(Stockholm) La jeunesse éternelle grâce au numérique : ABBA lance vendredi à Londres une série de concerts d’avatars numériques dernier cri, qui vont « prendre le relais » des quatre septuagénaires du groupe culte suédois.

« On a mis nos cœurs et nos âmes dans ces avatars et ils vont prendre le relais », dit à l’AFP Björn Ulvaeus, un des membres du quatuor scandinave rencontré à Stockholm en amont de la première.

Après près de quatre décennies de silence et de séparation de fait, ABBA avait sorti en novembre un nouvel album (Voyage). Les rois et reines du disco avaient aussi annoncé la construction d’une salle spéciale à Londres pour un spectacle numérique préparé depuis des années avec des experts en effets spéciaux.

Si ce sont bien les voix actuelles d’Anni-Frid, Björn, Benny, et Agnetha (acronyme « ABBA ») que l’on entendra, ce ne sont pas eux en chair et en os que l’on verra sur scène, mais quatre « ABBAtars » diffusés en hologramme, représentant les membres du groupe avec leurs visages de 1979.

Après d’autres expériences mitigées de concerts d’hologrammes d’artistes disparus ou trop fatigués, les quatre espèrent avoir cette fois trouvé la clé pour passer l’émotion.
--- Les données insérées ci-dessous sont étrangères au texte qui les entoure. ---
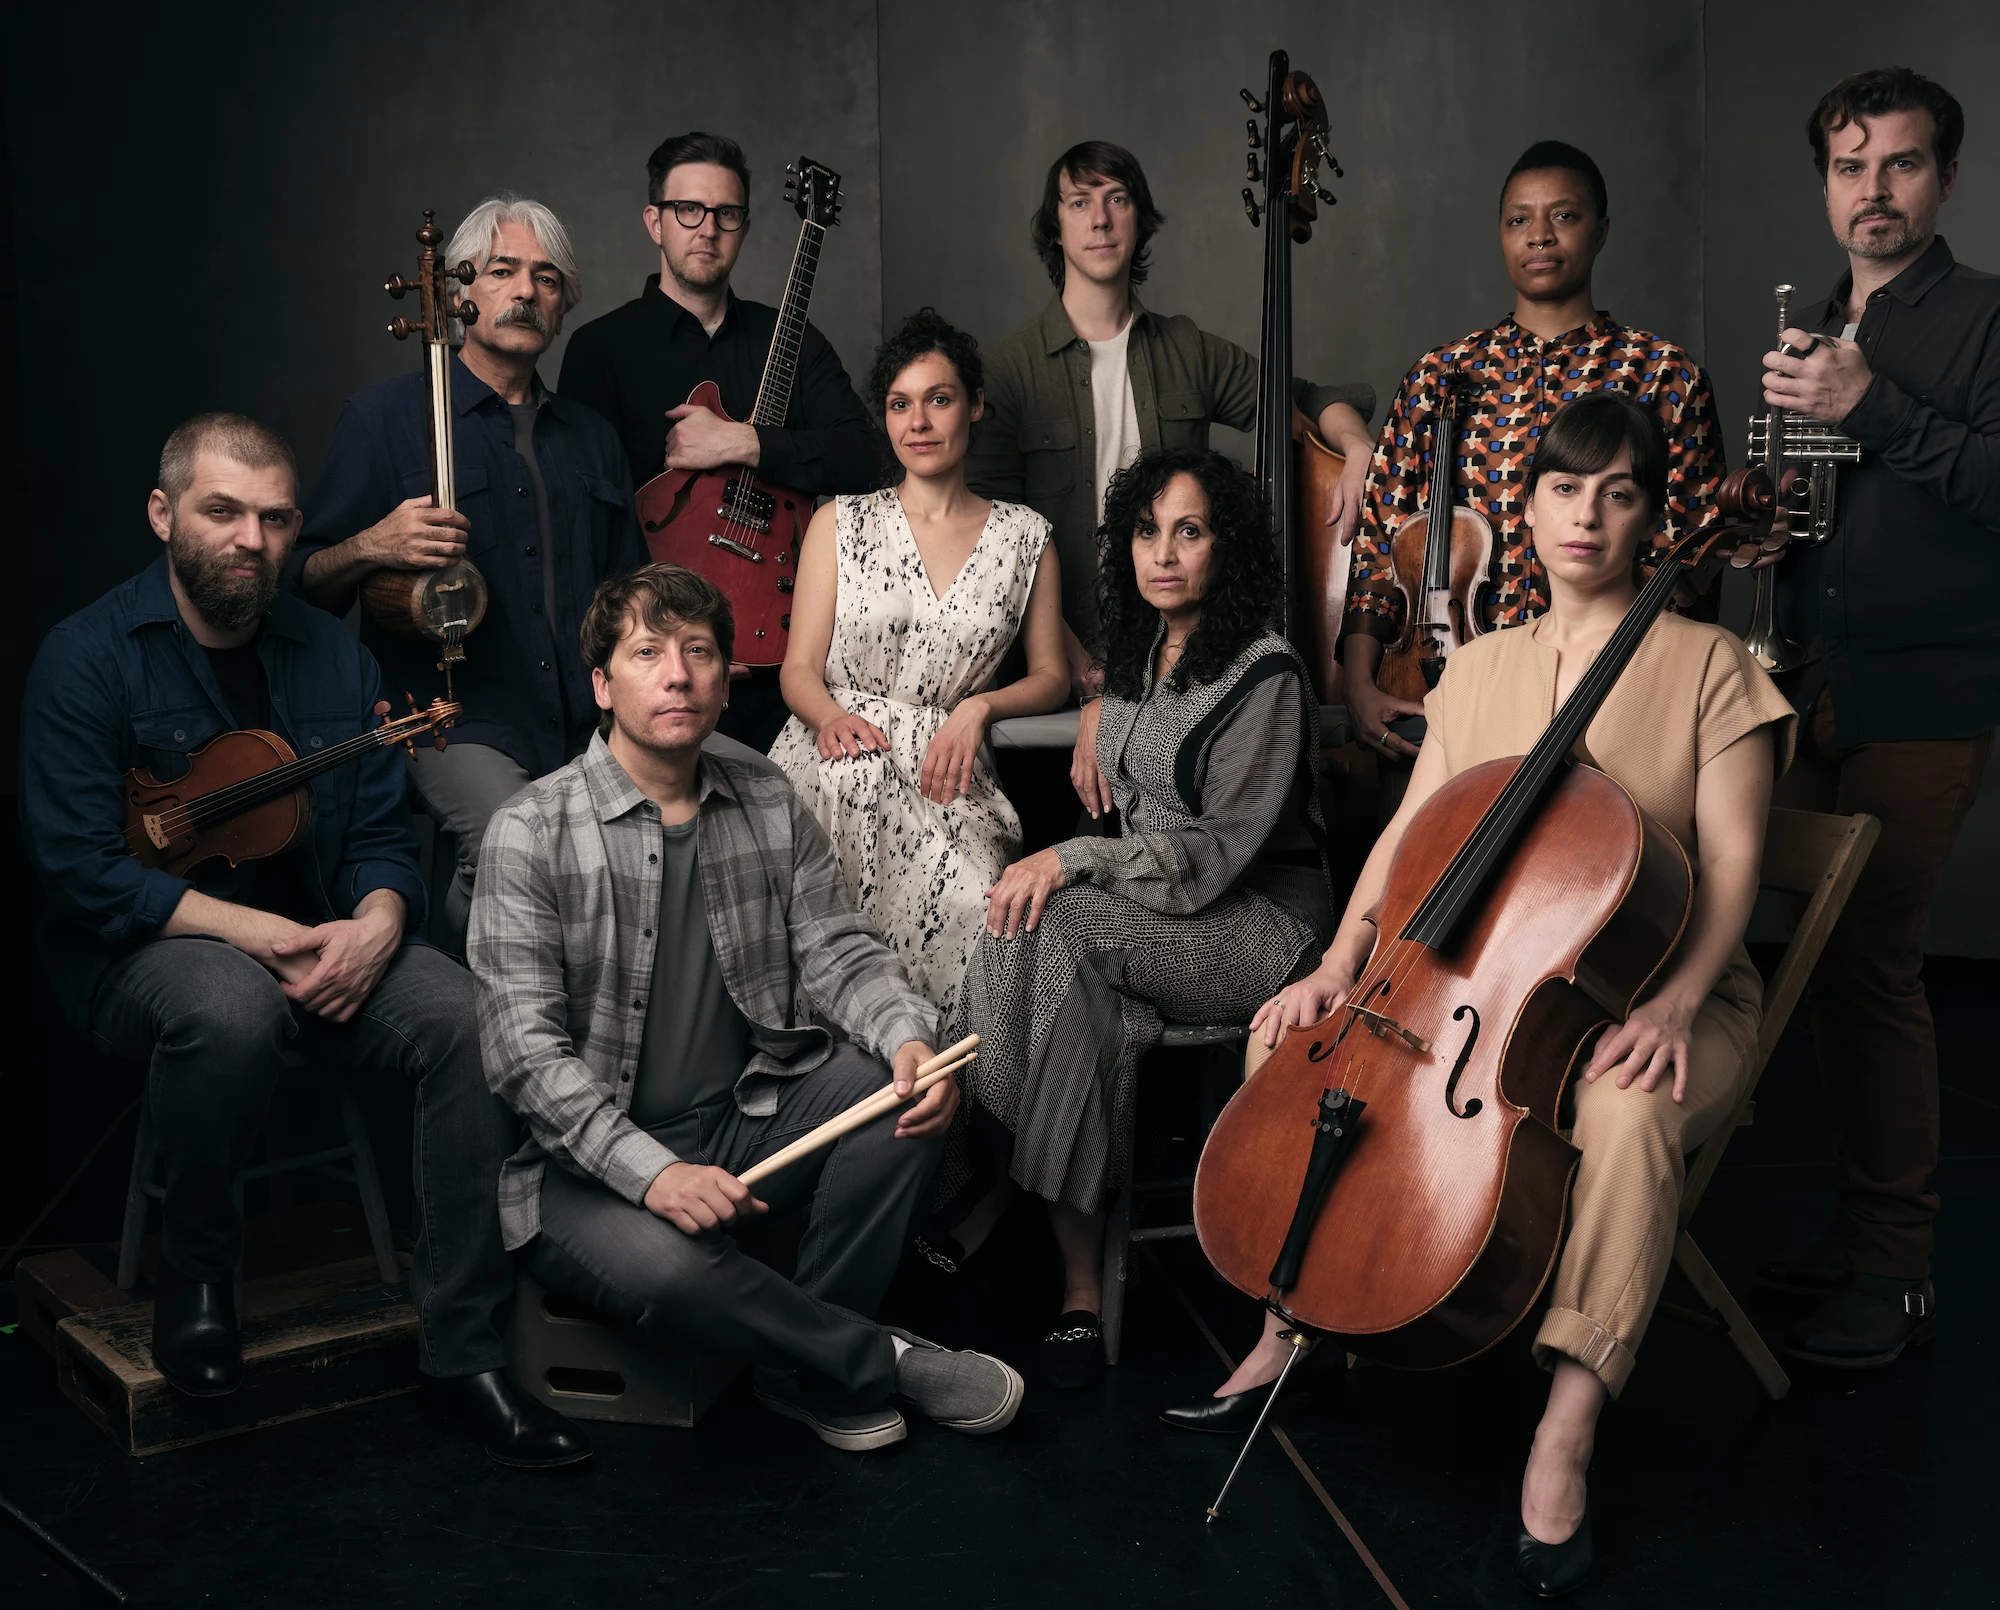 The musical cast of Osvaldo Golijov’s Falling Out of Time; PHOTO CREDIT: Marco Giannavola

« C’est l’un des projets les plus audacieux qui ait jamais été fait dans le secteur de la musique », estime Björn Ulvaeus, qui a composé l’essentiel des plus grands succès du groupe avec son compère Benny Andersson.
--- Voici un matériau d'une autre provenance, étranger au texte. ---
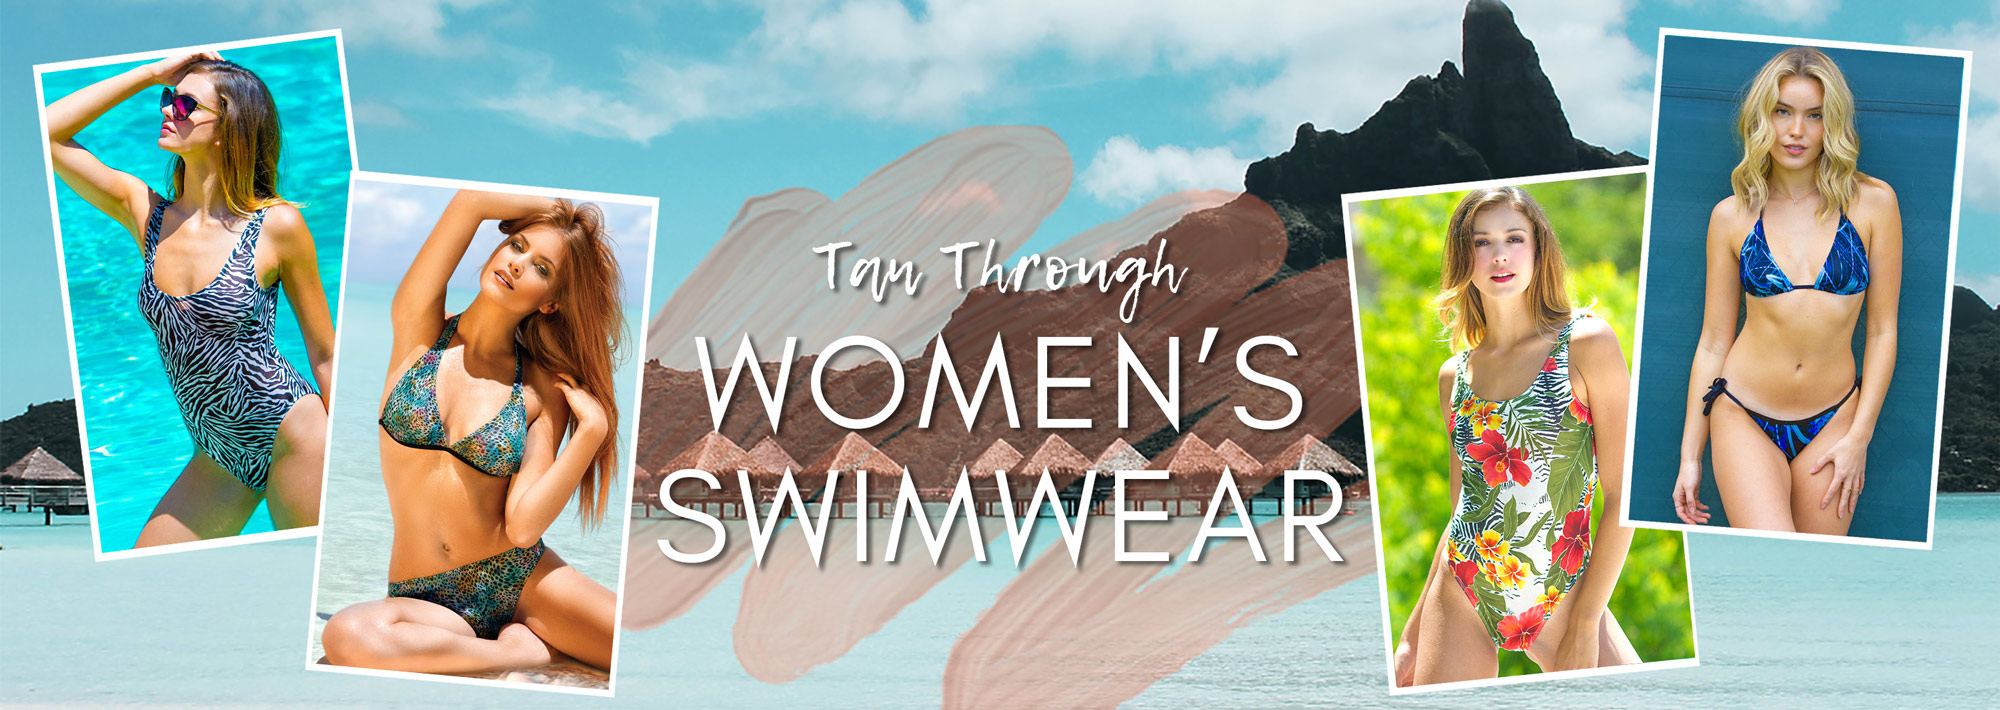 Women's One-piece suits

« Comment le public va l’accueillir, je n’en ai aucune idée, mais je crois qu’ils vont ressentir une puissance émotionnelle des avatars, qu’ils vont les voir comme de vrais gens », dit celui qui à 77 ans est le plus âgé des ABBA.
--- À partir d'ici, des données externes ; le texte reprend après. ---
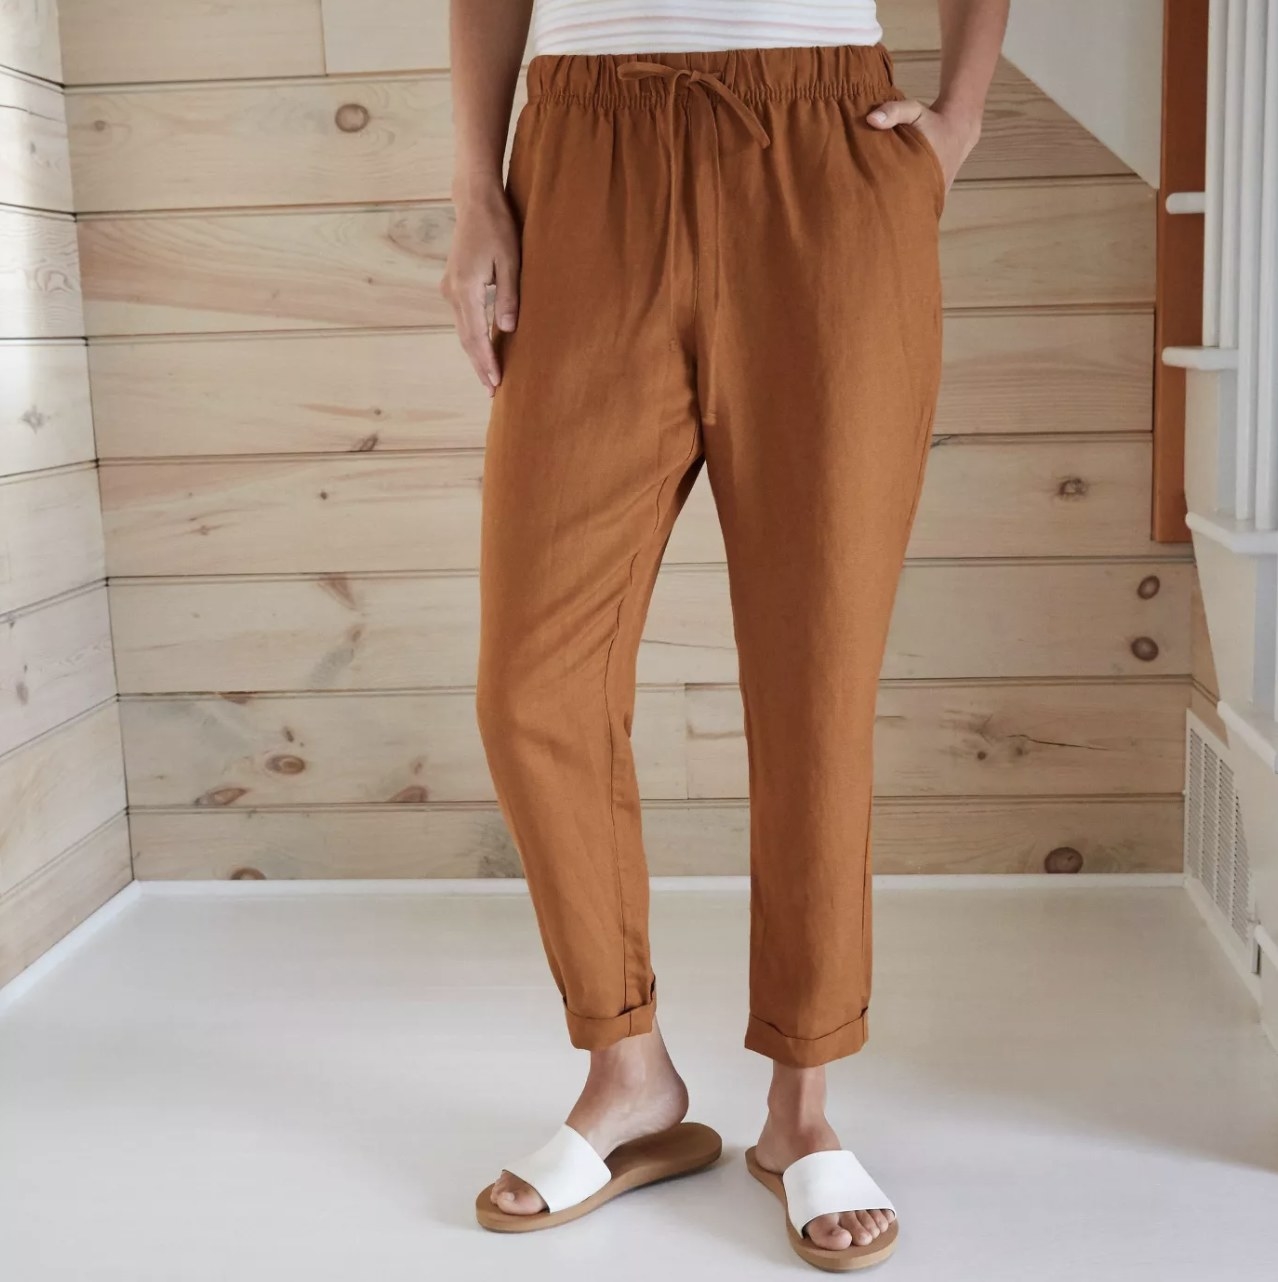 A model wearing dark orange pants that hit above the ankle

Les mouvements des septuagénaires ont été captés en studio pour les reproduire sur scène.

Si les avatars doivent parfois apparaître vêtus des légendaires tenues seventies emblématiques d’ABBA, ils seront aussi habillés avec des combinaisons futuristes, à en croire les bandes-annonces du concert.

Dans une salle de 3000 places dans l’est de Londres (la « ABBA Arena »), des concerts sont prévus sept jours sur sept jusqu’à début octobre.

« Je ne sais pas pour les autres, mais en ce qui me concerne, j’étais plus stressé il y a un mois qu’aujourd’hui. Maintenant je sais que nous avons fait de notre mieux », confie Björn.

« Presque quelqu’un d’autre »

Les quatre avatars ont été développés en collaboration avec une société d’effets visuels de George Lucas, réalisateur de la saga Star Wars.

Pour Björn Ulvaeus, les images d’archives omniprésentes d’ABBA l’ont préparé à se voir avec le visage de sa gloire trentenaire.

« Pour la plupart des gens, ce sera sans doute bizarre, mais je me suis vu en plus jeune presque chaque jour, toute ma vie depuis que nous nous sommes séparés », explique la star, qui lance en parallèle en Suède un spectacle musical consacré à Fifi Brindacier.

« Dans une forme ou dans une autre, en photo, à la télé, donc je suis assez habitué à “lui” […] C’est moi, mais c’est presque quelqu’un d’autre », souligne un des deux « B » de ABBA.

« Quand je vois mon avatar sur scène, ça fait comme un mélange. Comme si j’avais une vie infusée dans ce type qu’on voit à l’écran ».

Vainqueur de l’Eurovision en 1974, ABBA aura connu un succès planétaire grâce à ses chansons cultes comme Waterloo, Gimme ! Gimme ! Gimme ! (A Man after Midnight) ou bien The Winner Takes it All jusqu’à sa dissolution au début des années 80.

Mais à la surprise générale, le succès du groupe s’était poursuivi après sa séparation, alimenté ensuite par d’habiles revivals comme la série de films Mamma Mia.

Avec des centaines millions d’albums vendus partout dans le monde, ABBA a largement contribué à faire rayonner l’industrie musicale suédoise, qui est toujours aujourd’hui le troisième pays exportateur de musique après les États-Unis et le Royaume-Uni.

À Londres, les spectacteurs auront droit à une heure et demie de concert — avec une dizaine de musiciens eux bel et bien présents.

Mais revoir ABBA sur scène en vrai ou sortir un nouvel album n’est pas prévu.

« ABBA n’a pas de projet… C’est comme ça », assure Björn Ulvaeus à l’AFP.